_Supplied material_

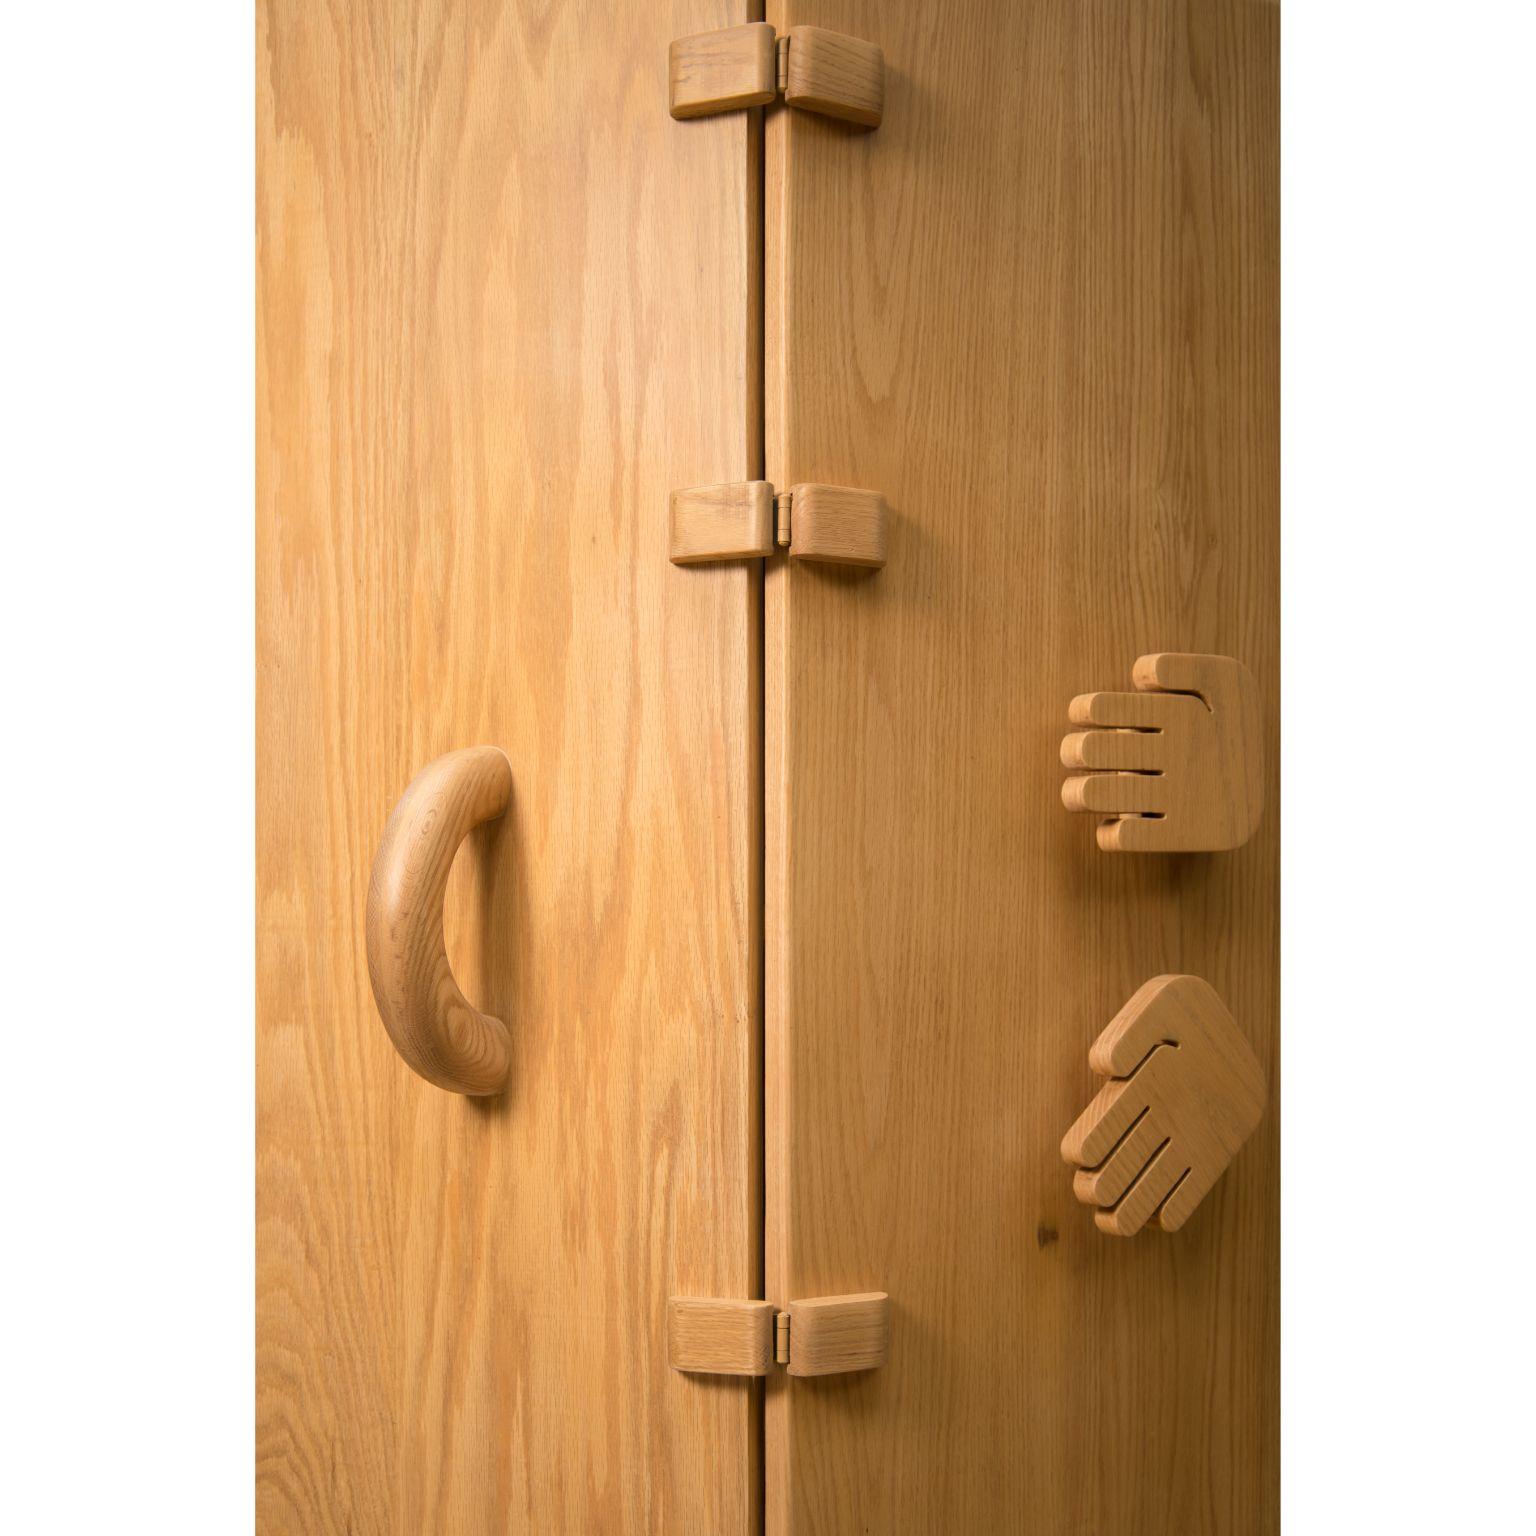 Hand-Crafted Coatlicue Cabinet by Andres Gutierrez For Sale
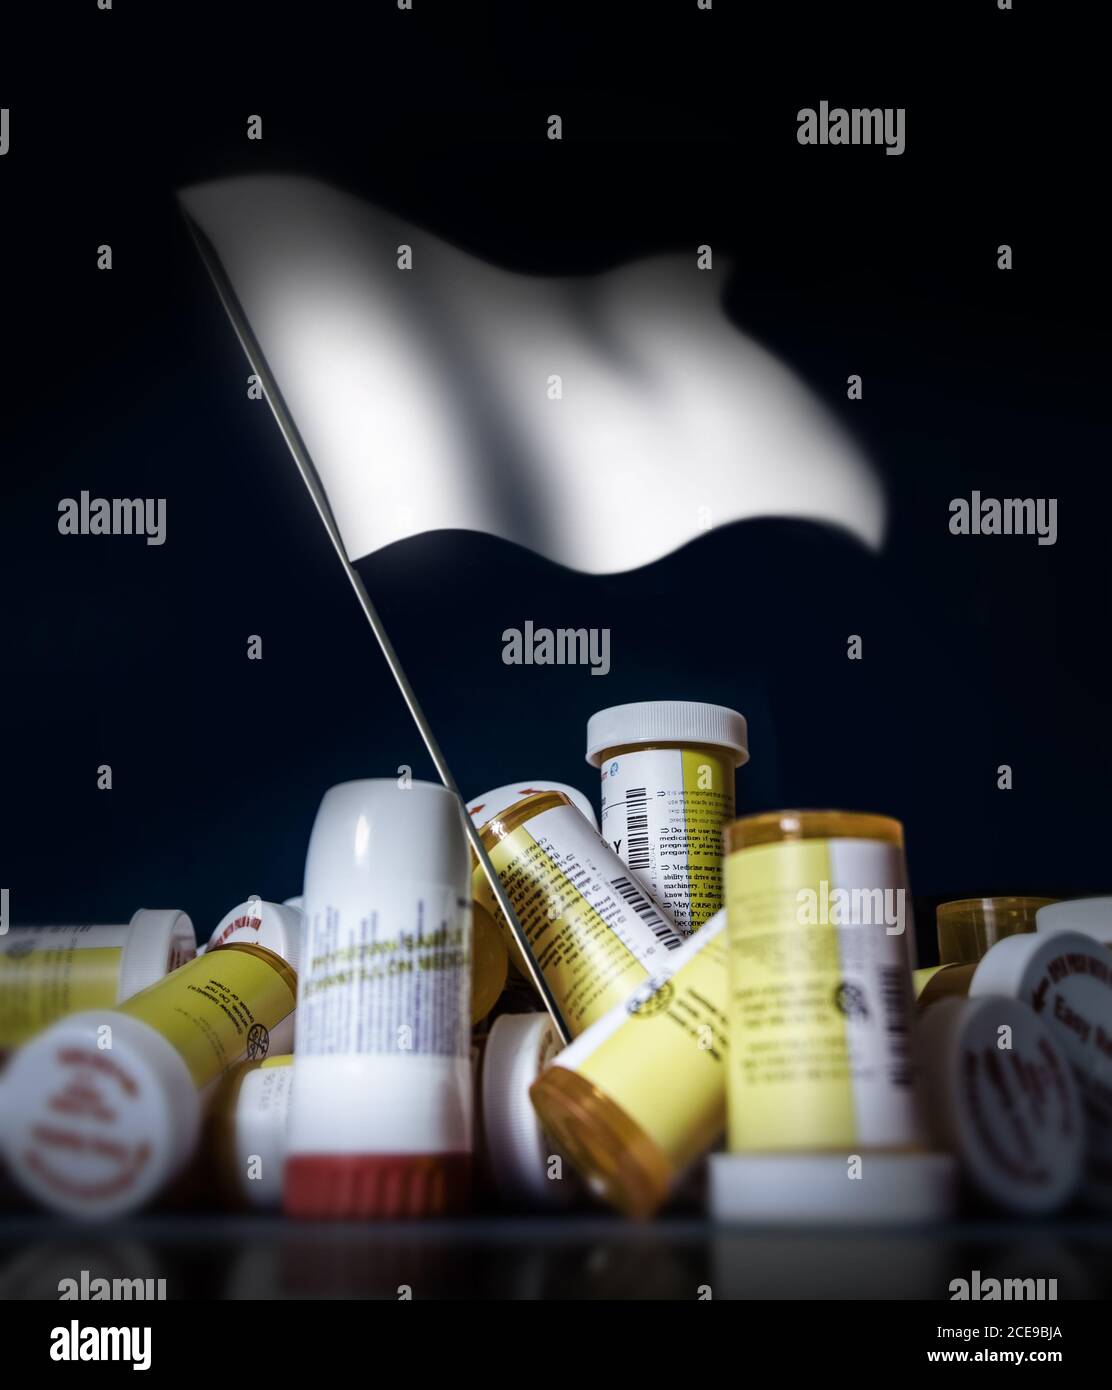 In the center of a pile of pills containers and other drugs, a white flag rises. Stock Photo
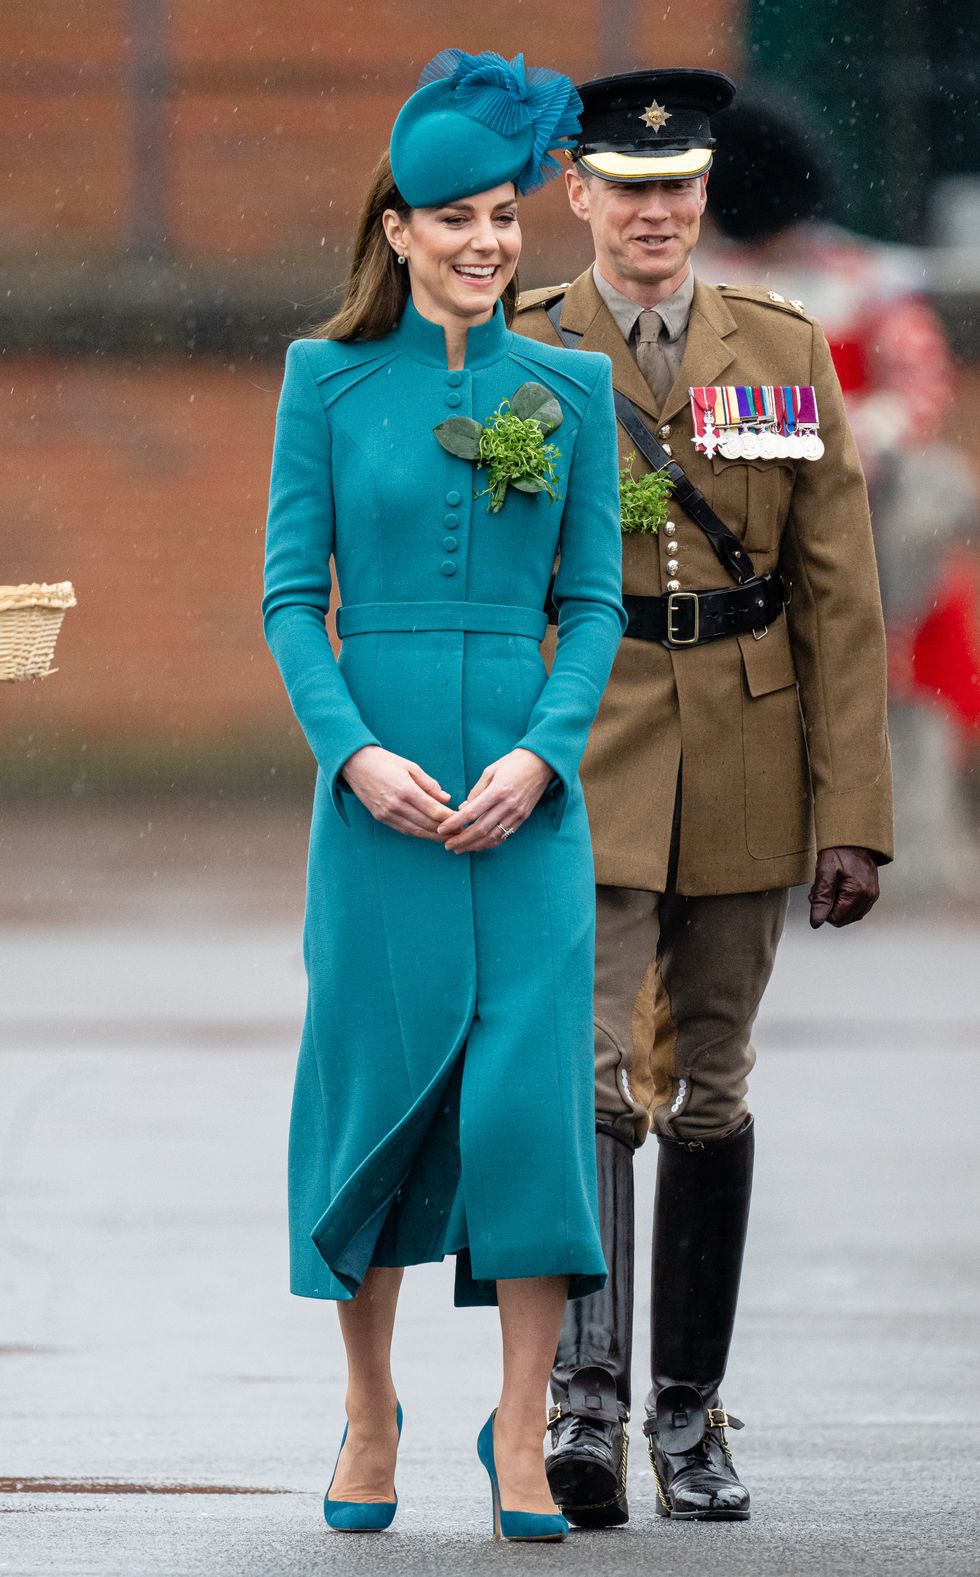 aldershot, england march 17 catherine, princess of wales attend the 2023 st patricks day parade at mons barracks on march 17, 2023 in aldershot, england photo by samir husseinwireimage

_What this task involves_
Would you restate all of the data above word for word, omitting the pictures?

_Solution to this problem_
 Hand-Crafted Coatlicue Cabinet by Andres Gutierrez For Sale
 In the center of a pile of pills containers and other drugs, a white flag rises. Stock Photo
 aldershot, england march 17 catherine, princess of wales attend the 2023 st patricks day parade at mons barracks on march 17, 2023 in aldershot, england photo by samir husseinwireimage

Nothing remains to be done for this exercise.